The text is closed by coming back to Bohr’s absolute convergence problem, this time for vector-valued Dirichlet series. For a Banach space X abscissas and strips S(X) and S_p(X), analogous to those defined in Chapters 1 and 12 are considered. It is shown that all these strips equal 1-1/cot(X), where cot(X) is the optimal cotype of X.

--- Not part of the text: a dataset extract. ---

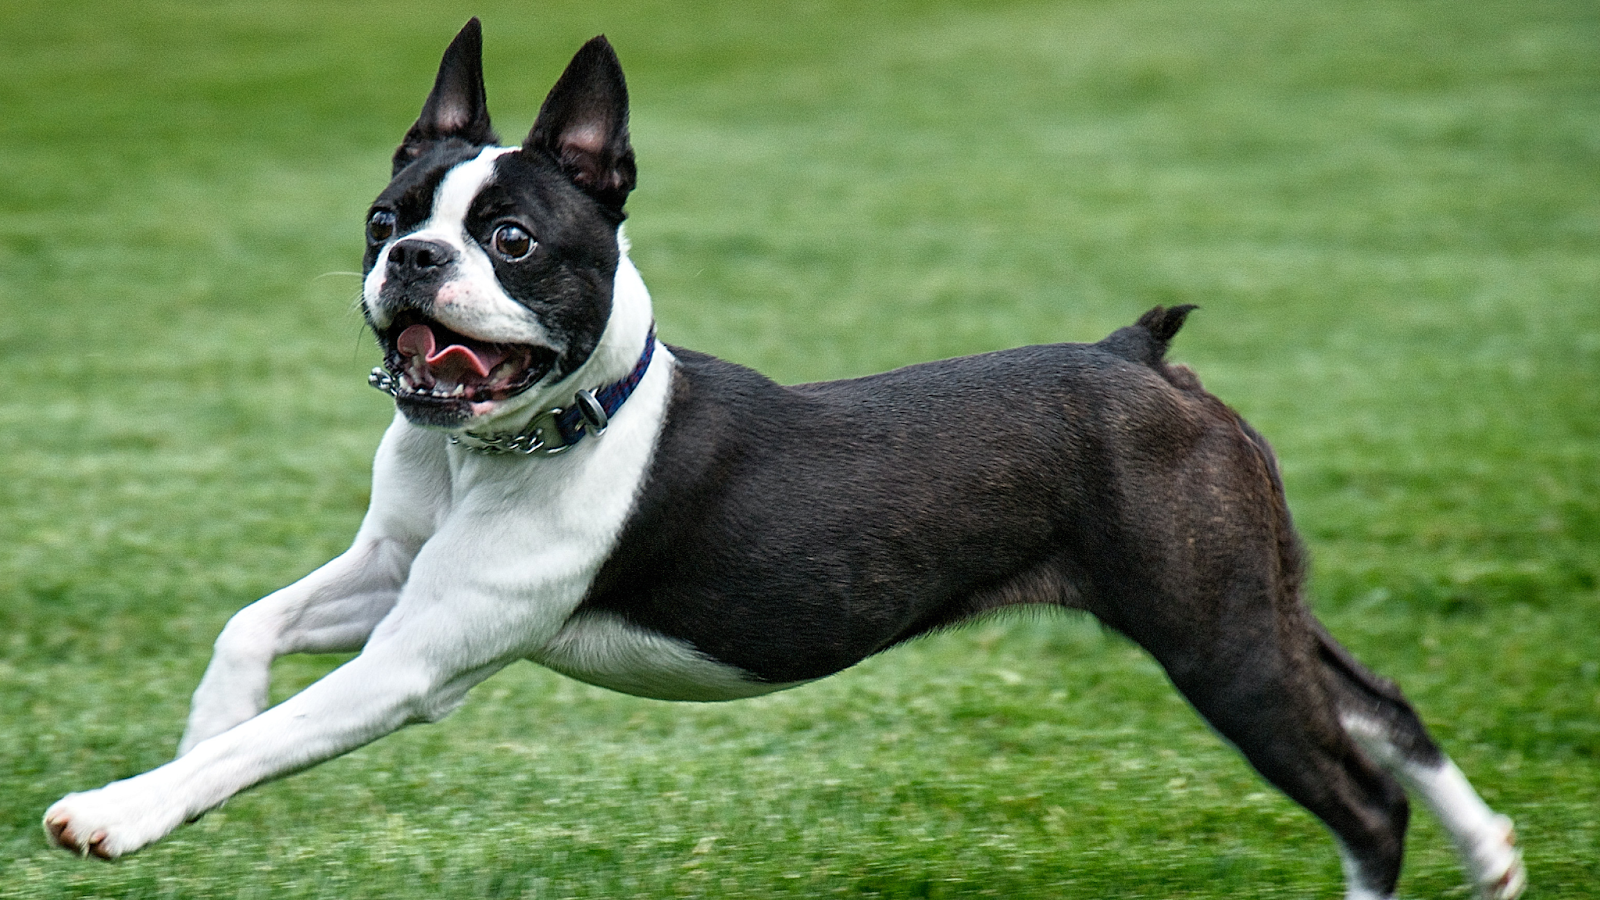 Exercising Boston Terrier dog

Given a Banach space X, we consider Hardy spaces of X-valued functions on the infinite polytorus, Hardy spaces of X-valued Dirichlet series (defined as the image of the previous ones by the Bohr transform), and Hardy spaces of X-valued holomorphic functions on l_2 ∩ B_{c0}. The chapter is dedicated to study the interplay between these spaces. It is shown that the space of functions on the polytorus always forms a subspace of the one of holomorphic functions, and these two are isometrically isomorphic if and only if X has ARNP. Then the question arises of what do we find in the side of Dirichlet series when we look at the image of the Hardy space of holomorphic functions. This is also answered, showing that this consists of Dirichlet series for which all horizontal translations (those whose coefficients are (a_n/n^ε)) are in \mathcal{H}_p with uniformly bounded norms. Also, a version of the brothers Riesz theorem for vector-valued functions is given.

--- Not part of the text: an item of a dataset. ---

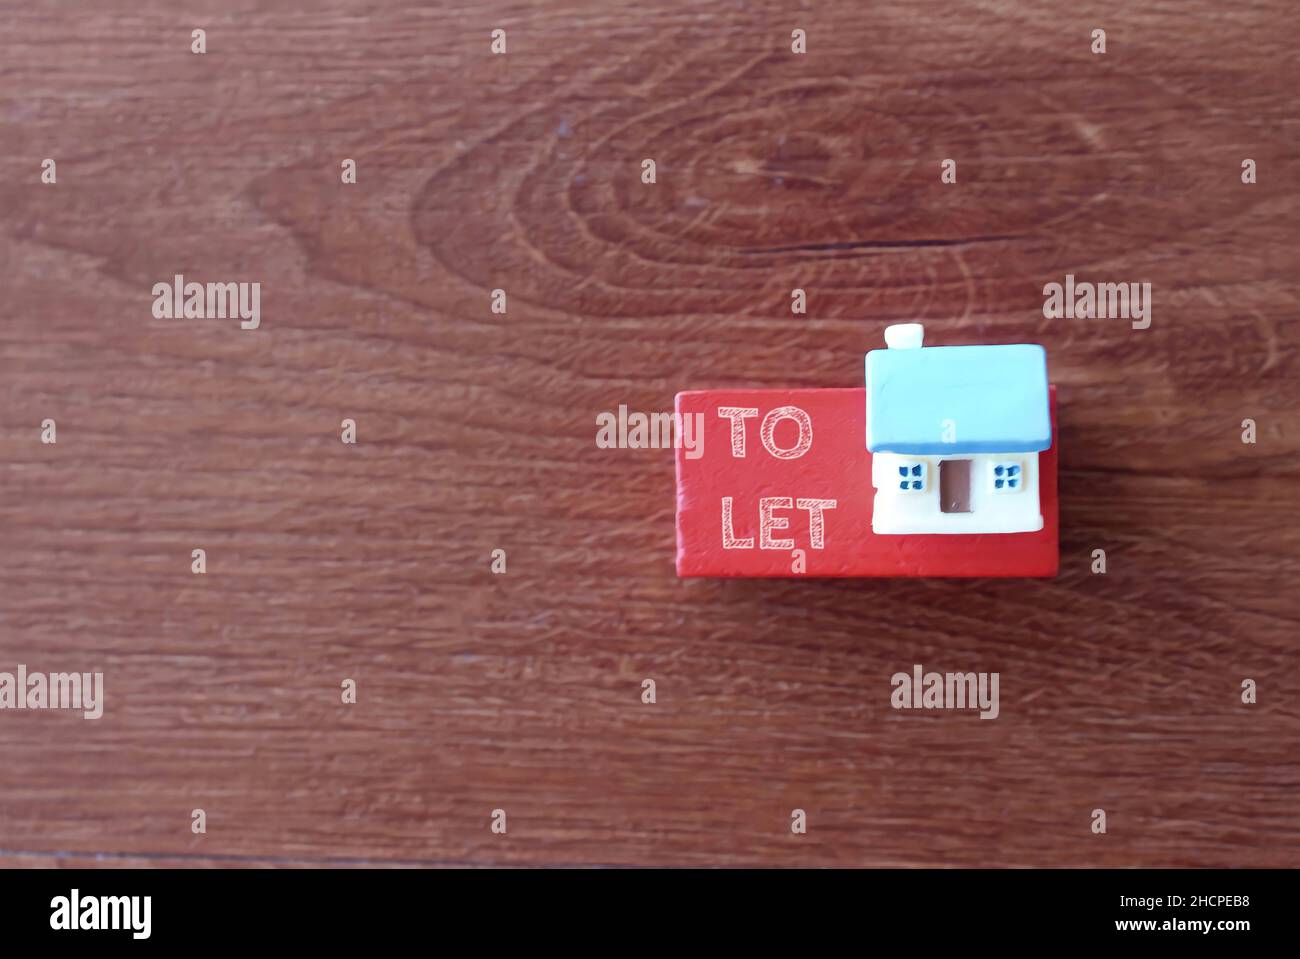 Image de mise au point sélective de la maison miniature et du texte À LAISSER.Concept immobilier et immobilier. Banque D'Images

For each 1 ≤ p ≤ ∞, the Hardy space \mathcal{H}_p of Dirichlet series is defined as the image through the Bohr transform of the Hardy space of functions on the infinite-dimensional polytorus. The Dirichlet polynomials are dense in \mathcal{H}_p for every 1 ≤ p < ∞. For p=2 this coincides with the space of Dirichlet series whose coefficients are square-summable. A Dirichlet series with coefficients a_n belongs to\mathcal{H}_p if and only if the series with coefficients a_n/n^ε is in \mathcal{H}_p for every ε >0 and the norms are uniformly bounded. In this case, the series is the limit as ε tends to 0. As a technical tool to see this, vector-valued Dirichlet series (that is, series with coefficients in some Banach space) are introduced, and some basic definitions and properties (such as the convergence abscissas, Bohr-Cahen formulas) are given.